Boudi loves her husband to death.

 

In a lighter moment, after getting used to Lal Baba’s forbidding demeanour, a silent probing gaze which seems to be interpreting your past or influencing your future, I ask Boudi why she decided to marry, of all people, an Aghori.

 

In answer, she puts her hand on his shoulder.

 

Their eyes twinkle like those of college kids revelling in forbidden love. They have been married for 24 years and have two children. It is difficult to picture Lal Baba in his mainstream version: a middle-aged married man who has a regular job at a factory.

 

Boudi juggles with ease her roles as spouse and protégée. She is training to be an Aghori herself, minus the practice of consuming human flesh.

 

We are at my friend Bora’s place where the couple will be resting for a while before they return to their corner of the crematorium, their real home every year during Ambubachi. Their sadhana continues out there in the open, even when it pours.

 

I ask him for a short interview.

 

Who do you worship?

We worship Mahakaal, the dimension of Shiva that is greater than time. It is an extreme form of sadhana.

 

Do Aghoris eat human flesh?

Some do, yes.

 

See there are three kinds of Aghoris: the family man, the complete renunciate, and the floater.


Can you curse others?

We can but I don’t. I’m here to heal people with my sadhana

 

Are your children also Aghori?

That’s their decision.

 

Are you okay with your wife being an Aghori?

That’s her decision.

 

A man obviously not given to conversation, Lal Baba says he needs to catch his train back to West Bengal.

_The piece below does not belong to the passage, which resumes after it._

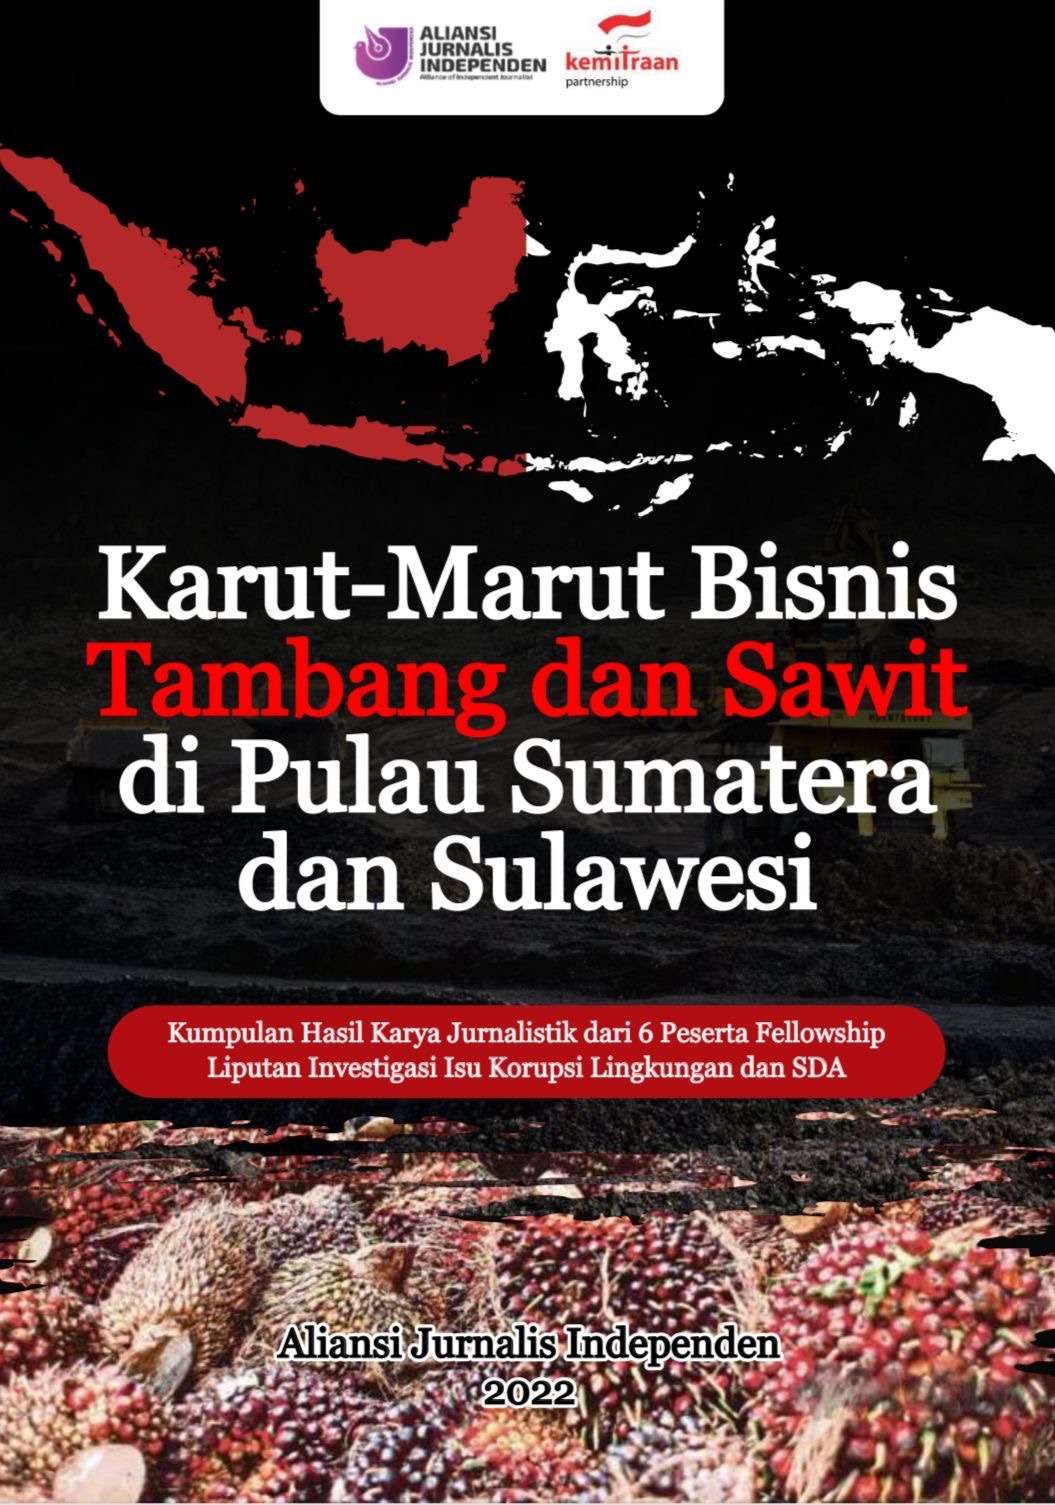 Karut-Marut Bisnis Tambang dan Sawit di Pulau Sumatera dan Sulawesi
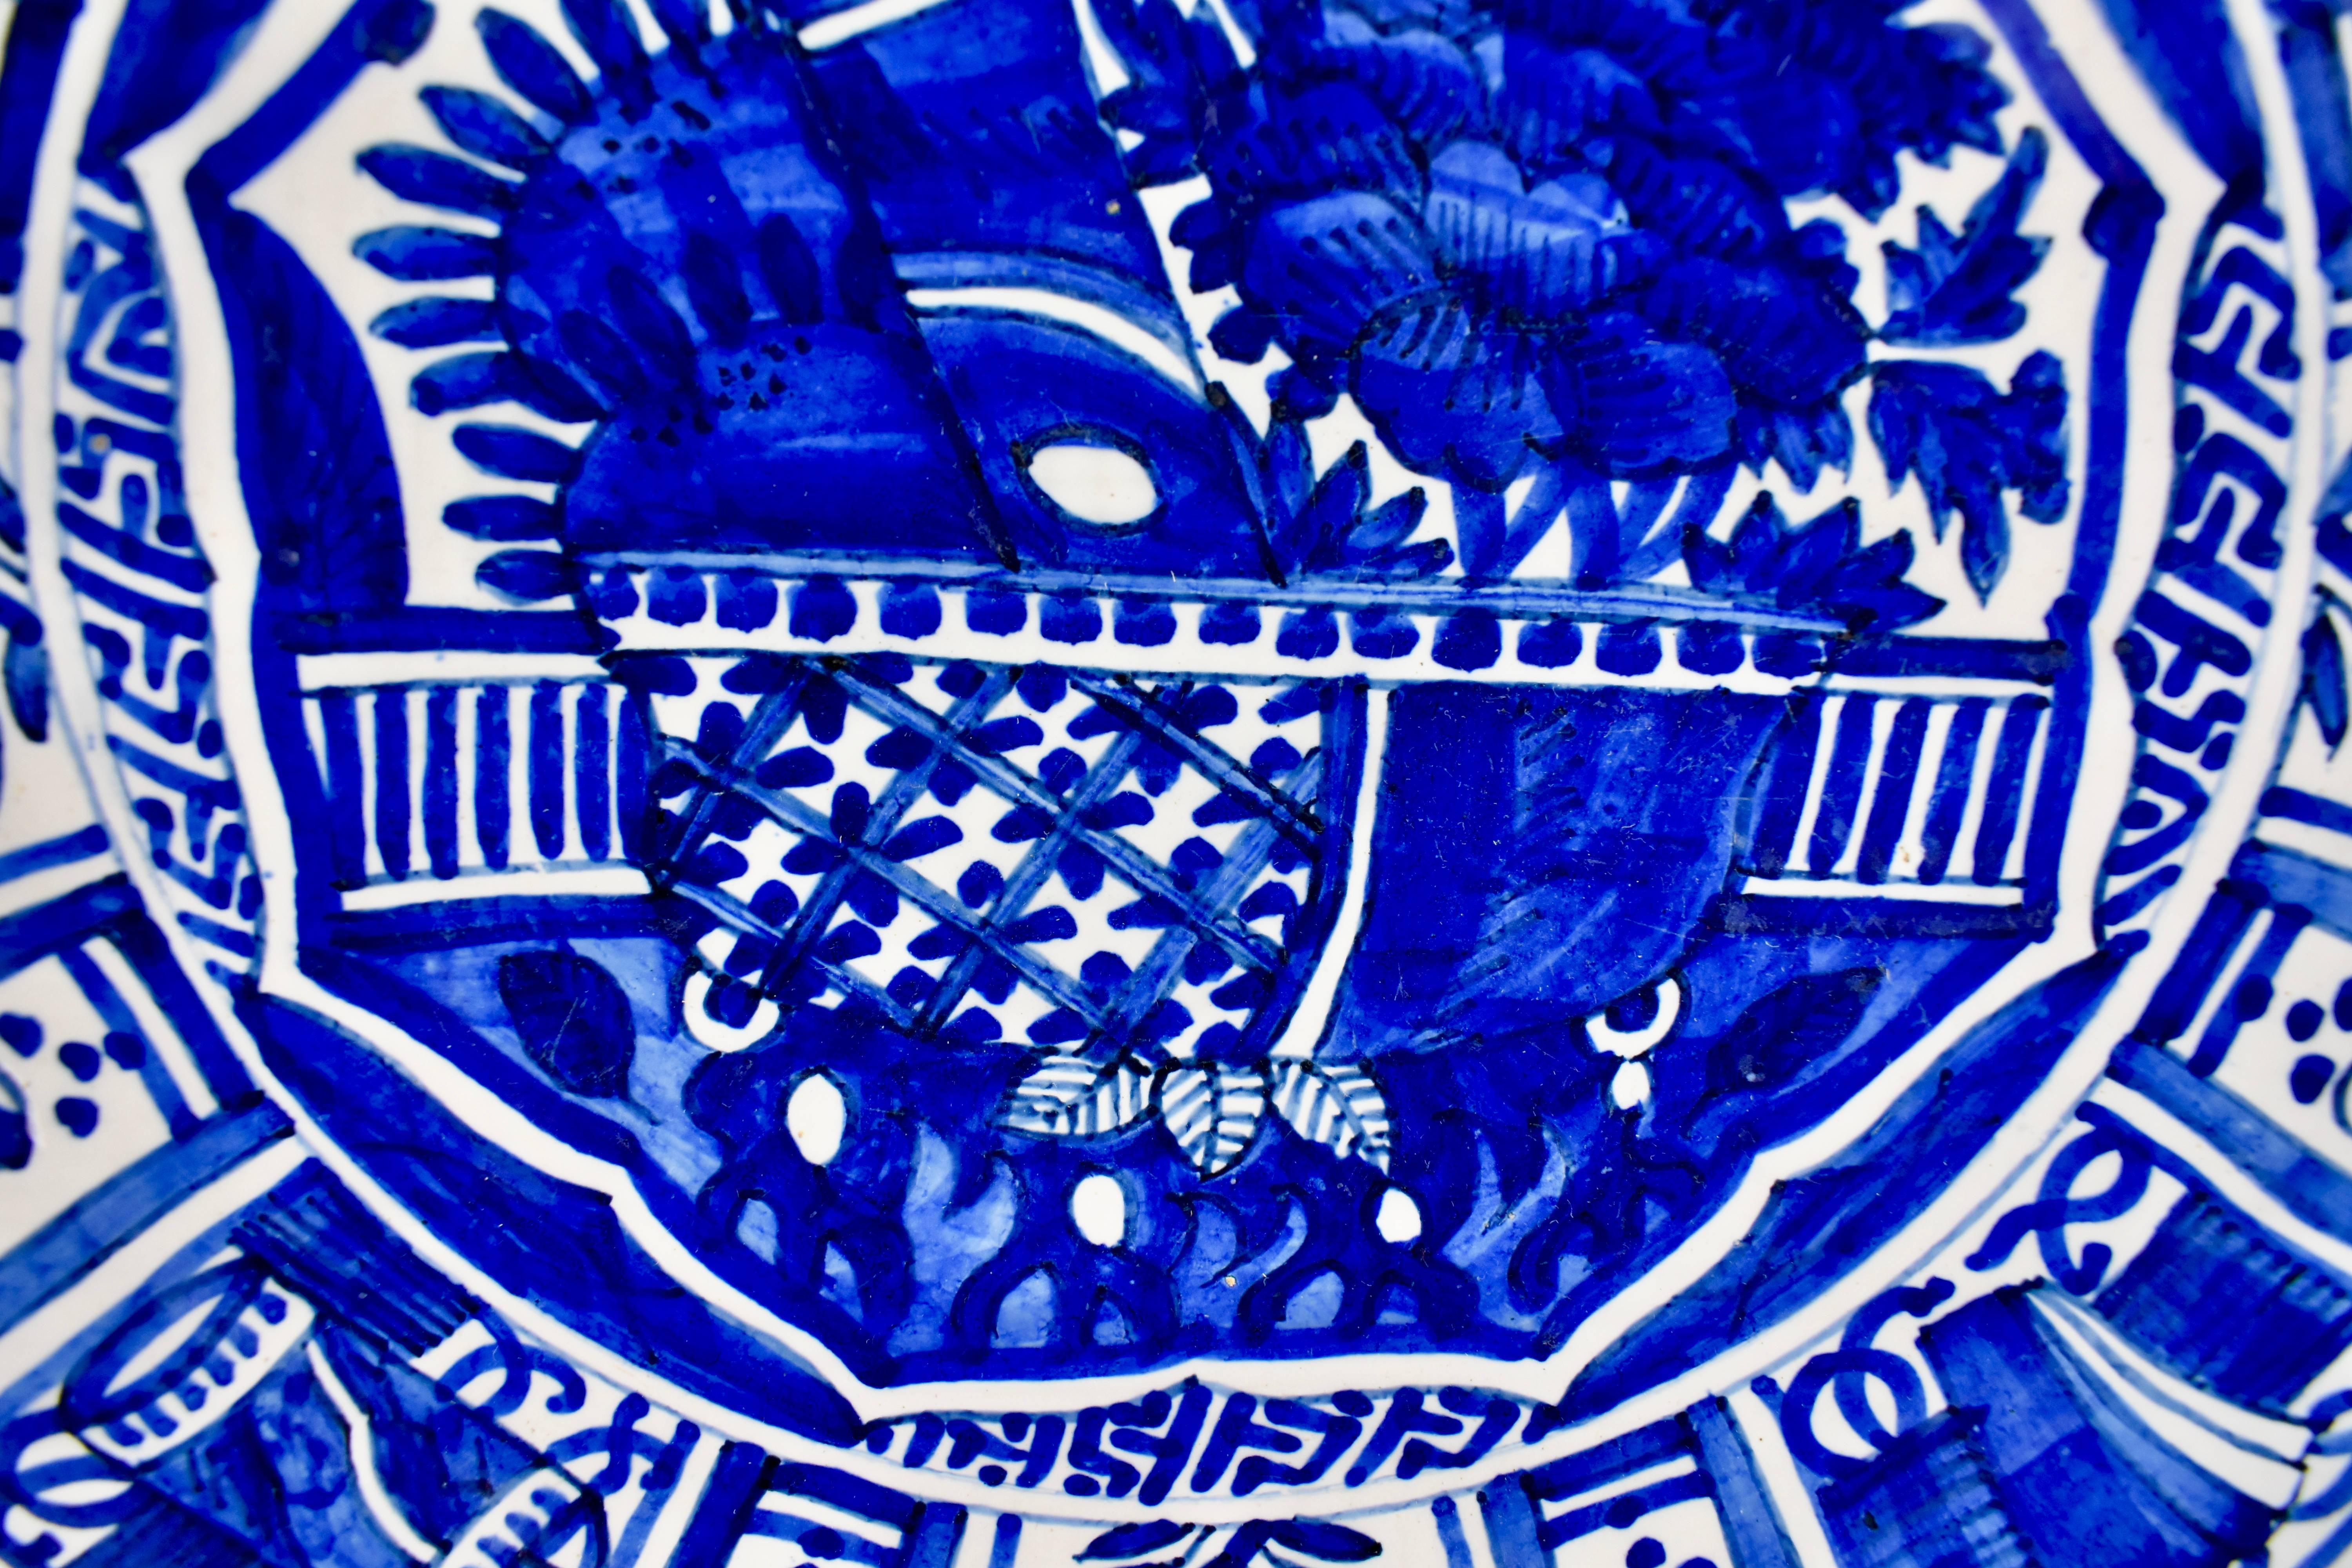 Chargeur profond en Delft hollandais du XVIIIe siècle, en faïence étamée, inspiré de la porcelaine d'exportation chinoise et peint à la main d'un motif géométrique et floral bleu cobalt. Une bordure stylisée d'une fleur ressemblant à une marguerite

I wrap up my very brief interview with a few quick questions.

 

This is what I gather: The word Aghor implies that which is ‘not terrible’; Aghoris are Shaivite sadhus; many follow esoteric and secretive tantrik traditions; to some of them, human skull and bones, chimta (tongs) are critical; they aim to conquer emotions like disgust, fear and anger; they want to embrace death and pain as part of the life journey; consumption of alcohol and cannabis facilitates the process of transcendence.

 

Perhaps all of us need our own totems, weapons and intoxicants. For the educated and irreligious ‘liberal’ elite, those come from two sources: wealth and vocabulary.

 

As Lal Baba gets up from his meal, he contemplates me for a few moments and makes a puzzling pronouncement: “You are a bigger Aghori than I am.”

 

Me? The English-spouting man in fancy cargoes and waterproof sneakers, carrying a sophisticated camera? One who contains his meat consumption to the occasional Bihari chicken curry, and can’t digest the very thought of consuming fellow mammals?

 

“Yes, you. You have the same power, you are on the same journey.”

 

With that, he vanishes into his room to pack.

 

Bora, to whom I owe much of my Northeast experiences, and I decide to see them off. Bora first shoos off a group of men who are requesting Lal Baba to come along to protect them in a certain business deal that’s lurching.

 

“He never says no to anyone,” Bora says in brotherly reproach before huddling the couple into the car.

 

As soon as we reach the station, a man scurries up to touch Baba’s feet. Baba’s blessings and greetings are always the same two words: “Jai Mahakal.”

 

“I come from Kashmir every year to meet Baba,” the man says.

 

The afternoon sun is now beating down hard. The train has hooted twice. Lal Baba, who was here a moment ago, has once again decided to dash off somewhere. He seems to function only in two modes: Restful, where he can sit in one place for hours and meditate; restive, when he can’t stop fidgeting and moving.

 

Boudi is inside. She has cleaned up the berth, spread a clean sheet, and neatly stored Lal Baba’s paraphernalia, including Bahadur. The train hoots the last warning and judders to a slow start.

 

She’s unbothered.

 

That’s how sure they are of each other.



The Ocean-River

 

As we head back, we cross the Brahmaputra.

 

In spate during the monsoon, this river that is an ocean can achieve a width of 36 kilometres. It is an untameable force of nature, at once charming and intimidating, nurturing and annihilating.

 

Just like an Aghori, just like Kamakhya and Ambubachi, the Brahmaputra evokes fear and faith, life and death, myth and legend.

 

You either stay safe on familiar shores, or decide to immerse in the unknown.